Advanced Navigation has announced that it has demonstrated high-precision underground positioning without the use of fixed infrastructure or GNSS, achieving consistent results in Europe’s deepest underground mine in Pyhajarvi, Finland.
The company said its Hybrid Navigation System, which integrates a Laser Velocity Sensor (LVS) with the Boreas D90 fibre-optic gyroscope (FOG) Inertial Navigation System (INS), maintained sub-0.1 per cent navigation error across multiple test runs, without relying on pre-existing maps or external aids.
“Unreliable navigation underground isn’t a minor technical constraint – it’s a major operational bottleneck,” said Joe Vandecar, Senior Product Manager at Advanced Navigation.
“Maintaining precision over a 22.9 km subterranean course in Europe’s deepest underground mine demonstrates a level of performance that few systems in the world can rival without any prior intelligence of the environment. These results prove we’re one step closer to unlocking scalable underground autonomy.”
Located 1.4 km underground and just two degrees below the Arctic Circle, the Pyhäsalmi Mine presents significant navigation challenges, including the absence of GNSS signals, complex multi-level tunnels, and metallic ores that distort magnetic fields and scatter radio waves.

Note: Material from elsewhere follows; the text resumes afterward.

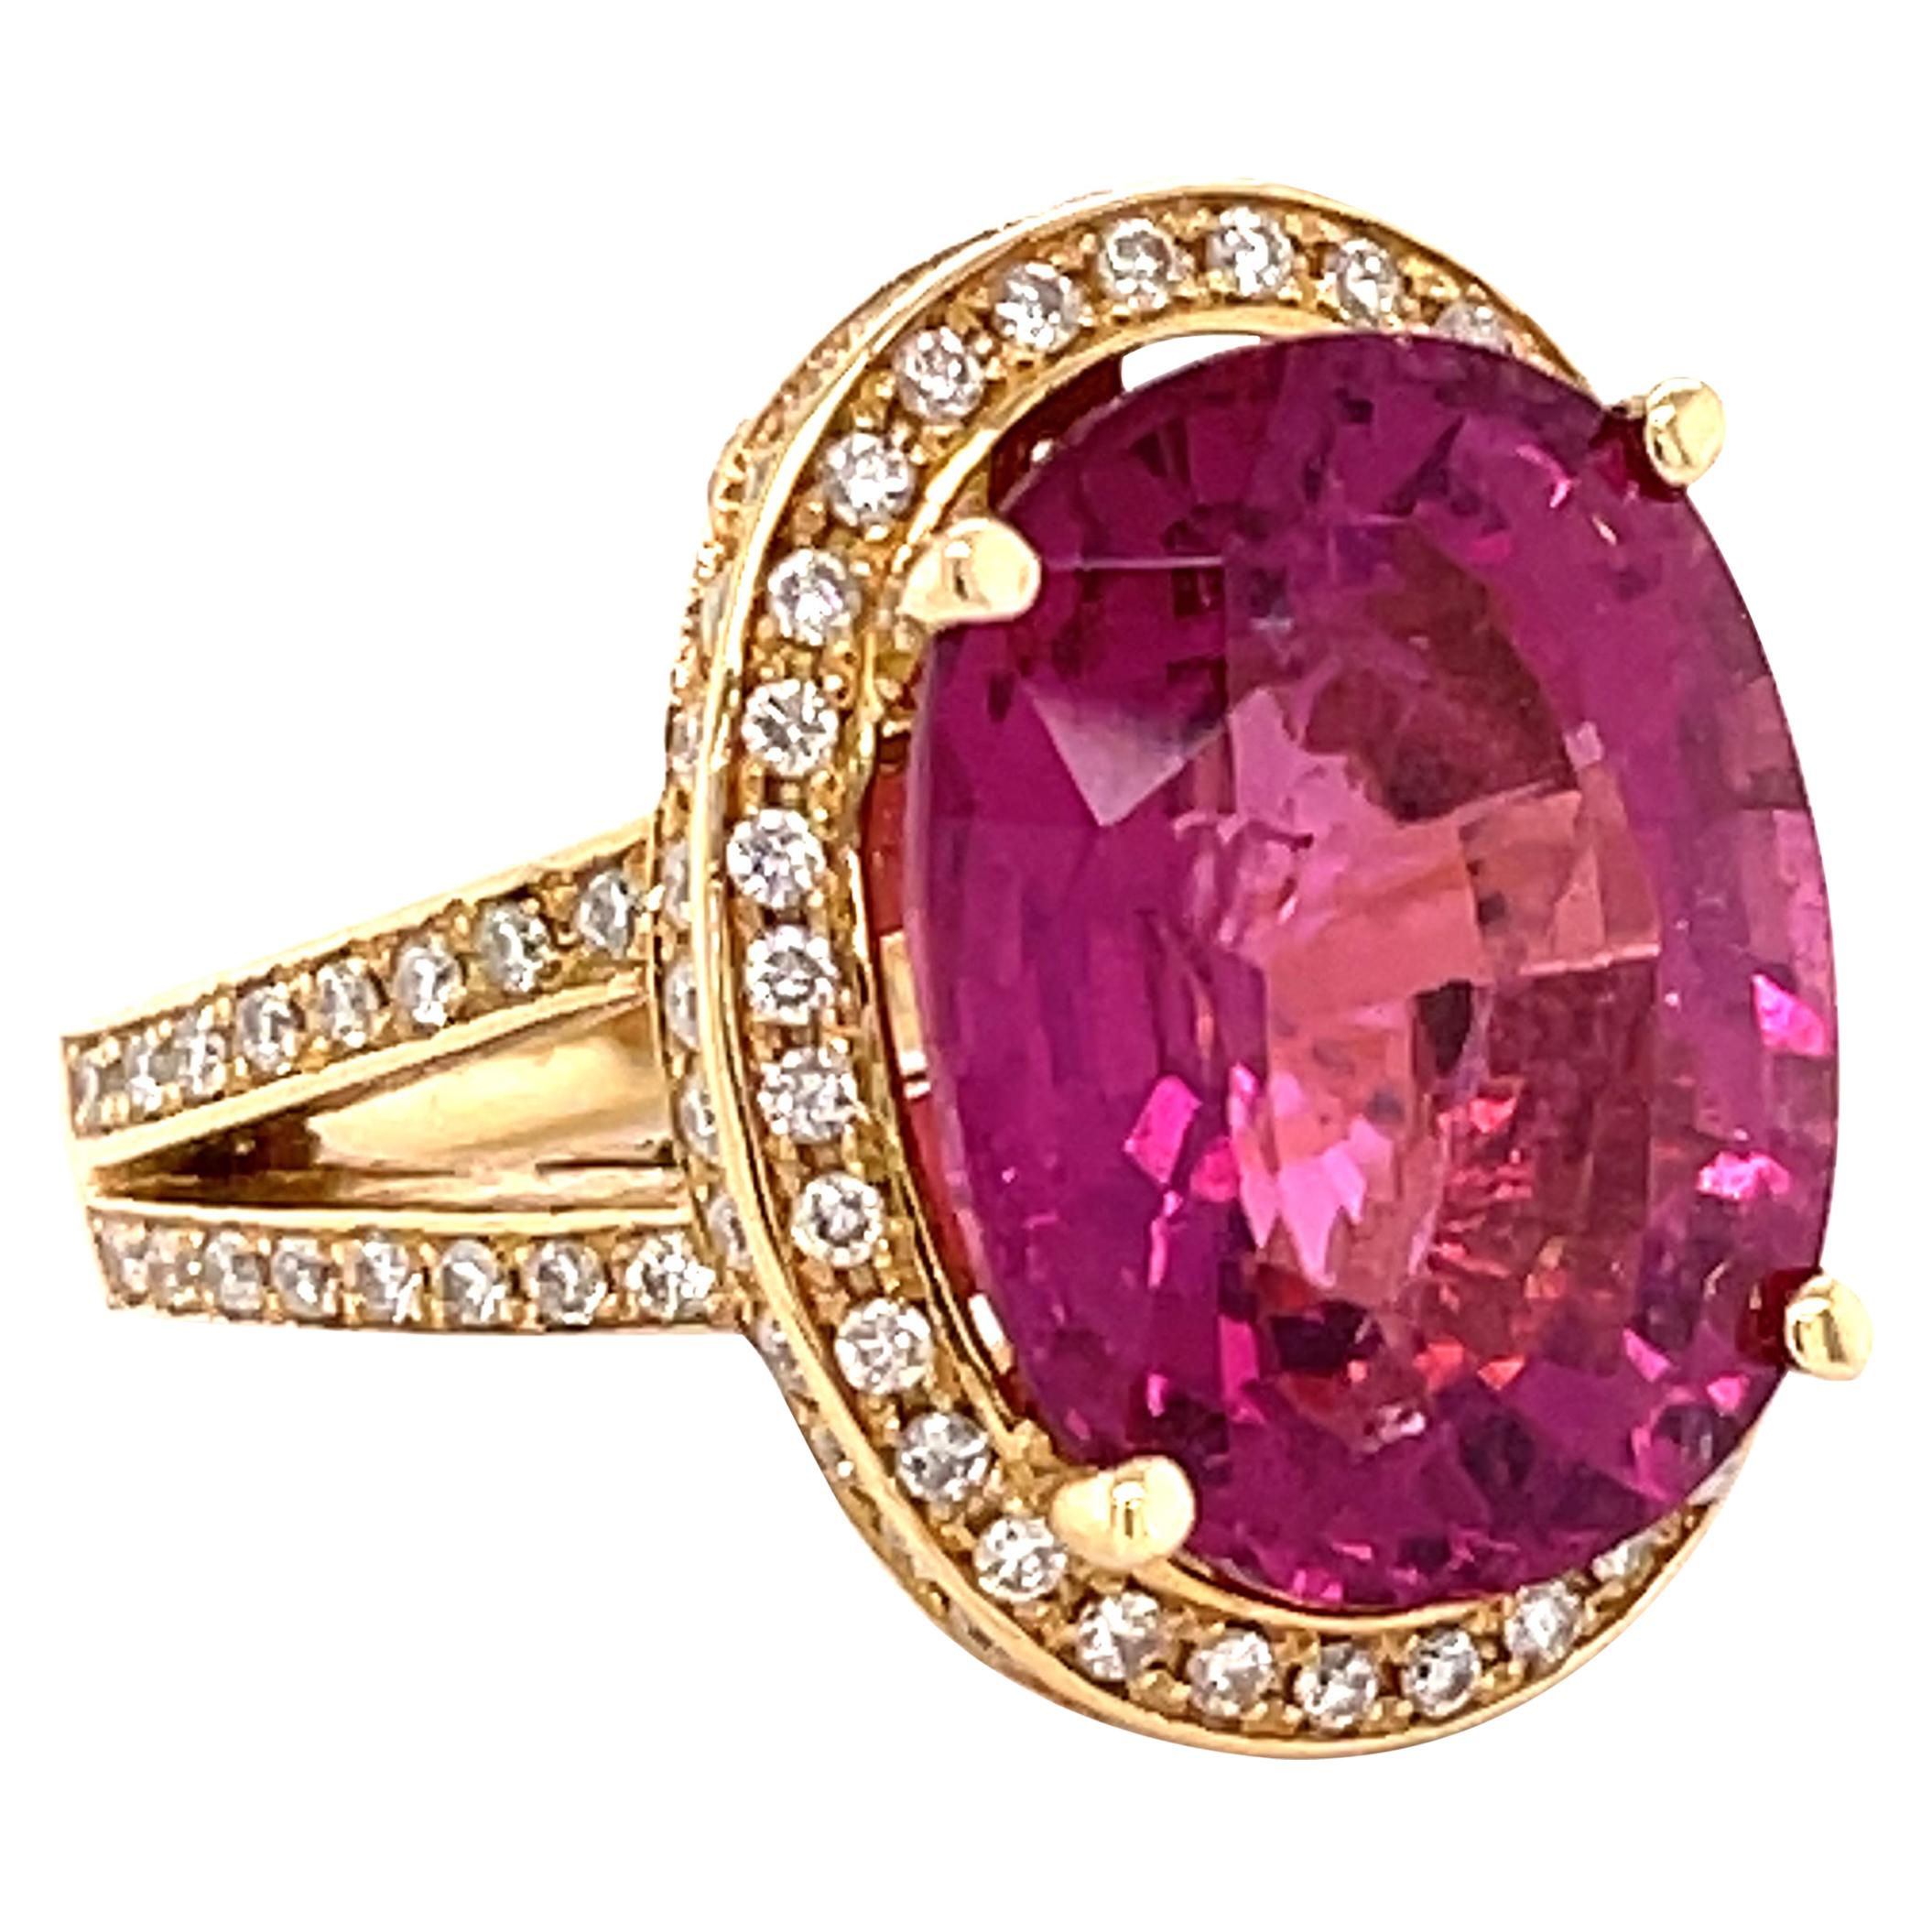 11.49 Carats Pink Tourmaline and 1. Carat Diamond Gold Ring
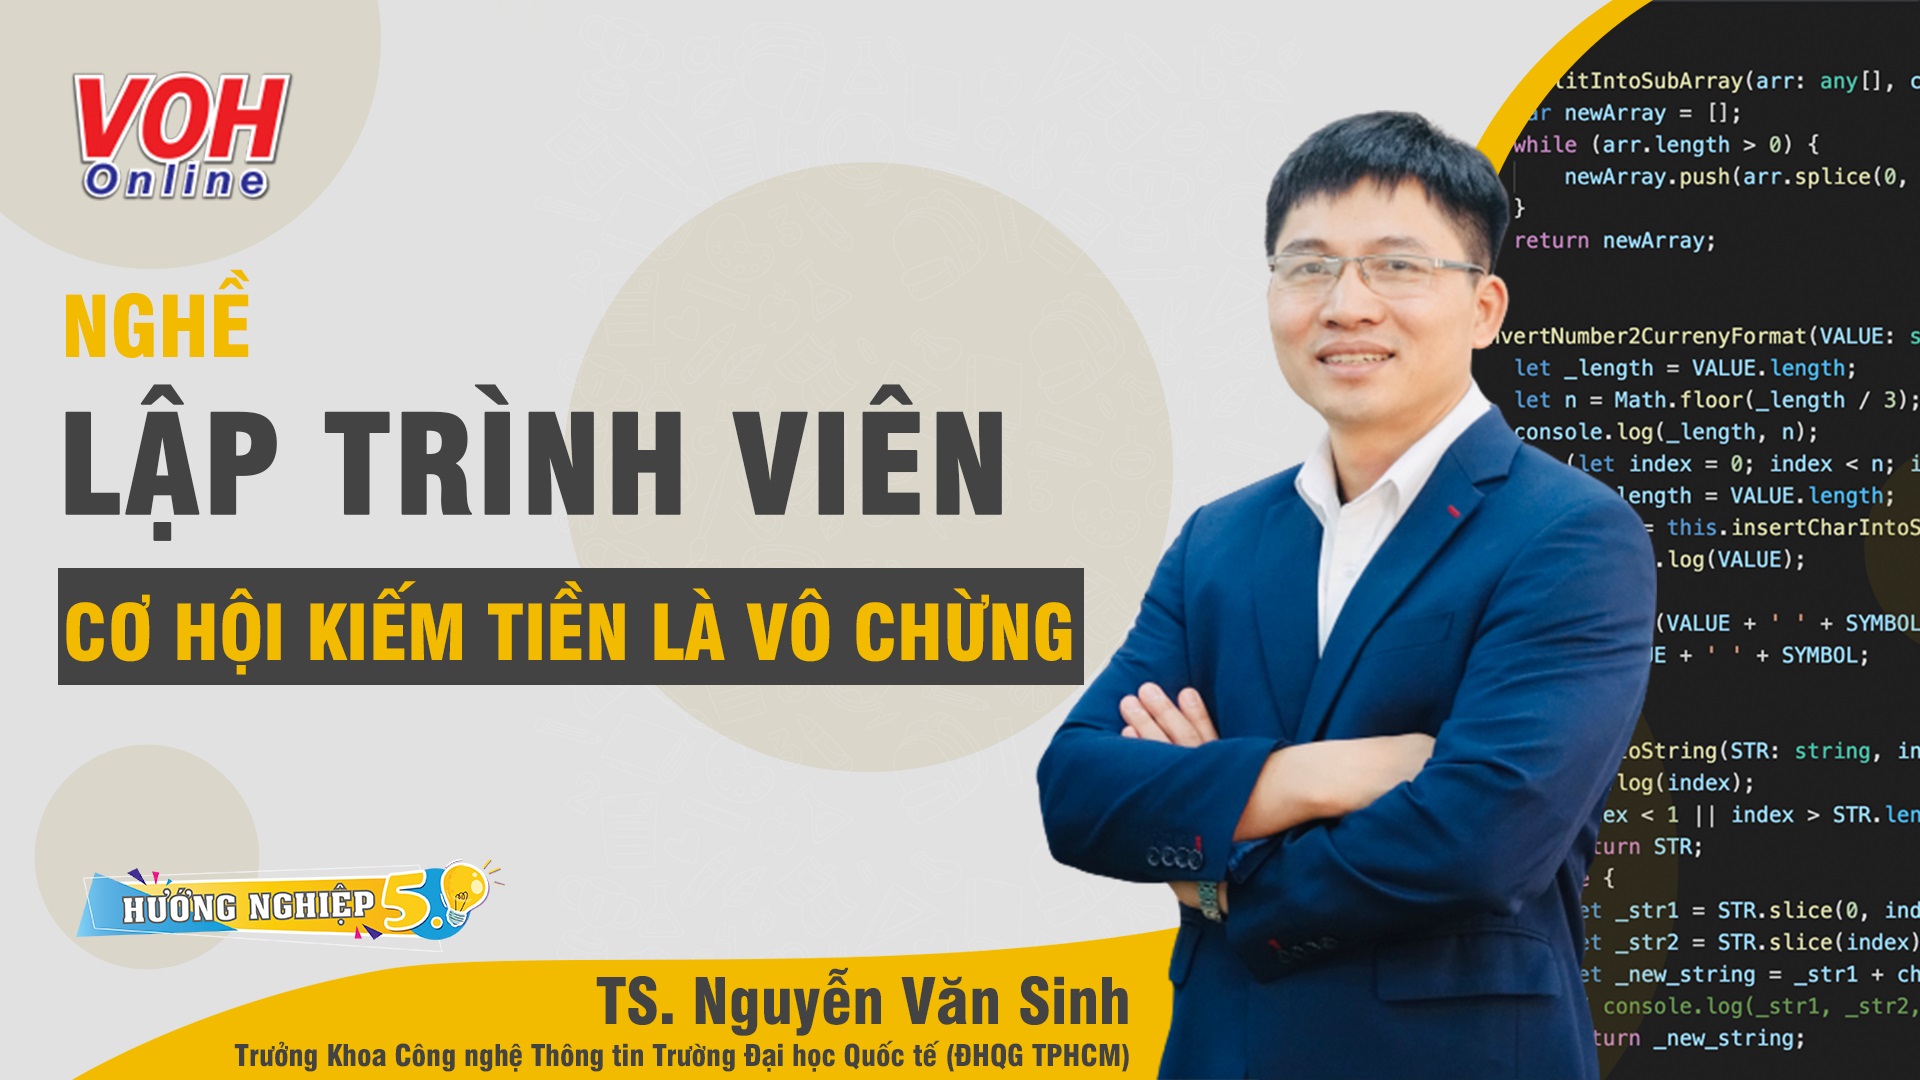 TS. Nguyễn Văn Sinh, Trưởng Khoa, Công nghệ Thông tin, Trường Đại học Quốc tế

Mines often address these limitations with infrastructure-heavy solutions such as ultra-wideband beacons, Wi-Fi, or 5G repeaters, or with perception-based approaches like SLAM, which require cameras.
Advanced Navigation said its inertial-centred architecture offers a scalable alternative with less reliance on such infrastructure.
The Boreas FOG INS at the core of the system determines true north using gyrocompassing, while the LVS uses infrared lasers to measure true 3D velocity relative to the ground.
This data is processed by the company’s AdNav OS Fusion software, which adaptively weighs the reliability of each sensor in real time to maintain precision over extended distances.
Magnus Zetterberg, Senior Consultant at Combitech, who observed the demonstration, said, “We were thoroughly impressed by the results the sensor fusion provided. I have used and been exposed to these sorts of sensors in other projects, and nothing has come close to this level of performance. It’s clear the Laser Velocity Sensor is a major key in providing these outstanding results.”
The system was tested over five separate runs, achieving accuracy of better than 0.1% of distance travelled, including one test in which it navigated a 1 km course with only one metre of error after a true north-seeking initialisation 1.4 km underground.
Advanced Navigation said this performance surpassed standard single-band GNSS accuracy on the surface in open-sky conditions.
“At Normet, we specialise in advanced solutions for underground mining and tunnelling, so we know firsthand how difficult accurate and reliable navigation can be in these environments,” said Olli Mylläri, Vice President Technology at Normet.
“Seeing Advanced Navigation’s Hybrid Navigation System deliver consistent positioning with minimal infrastructure deep within the Pyhäsalmi Mine was remarkable. It’s a powerful step forward for automation and safety in the underground space.”
Advanced Navigation said the technology reduces dependency on fixed infrastructure and could enable more resilient navigation in inaccessible or unmapped areas, supporting applications such as fleet management, predictive collision avoidance, material tracking, and scalable autonomy in mining operations.
Vandecar added, “Ultimately, this vehicle-based, inertial-centred architecture provides the resilient foundation required for the mining sector to achieve its long-term goal: efficient autonomous ore extraction at depths hostile to human activity.”
The company expects to commercially release the Hybrid Navigation System in late 2025.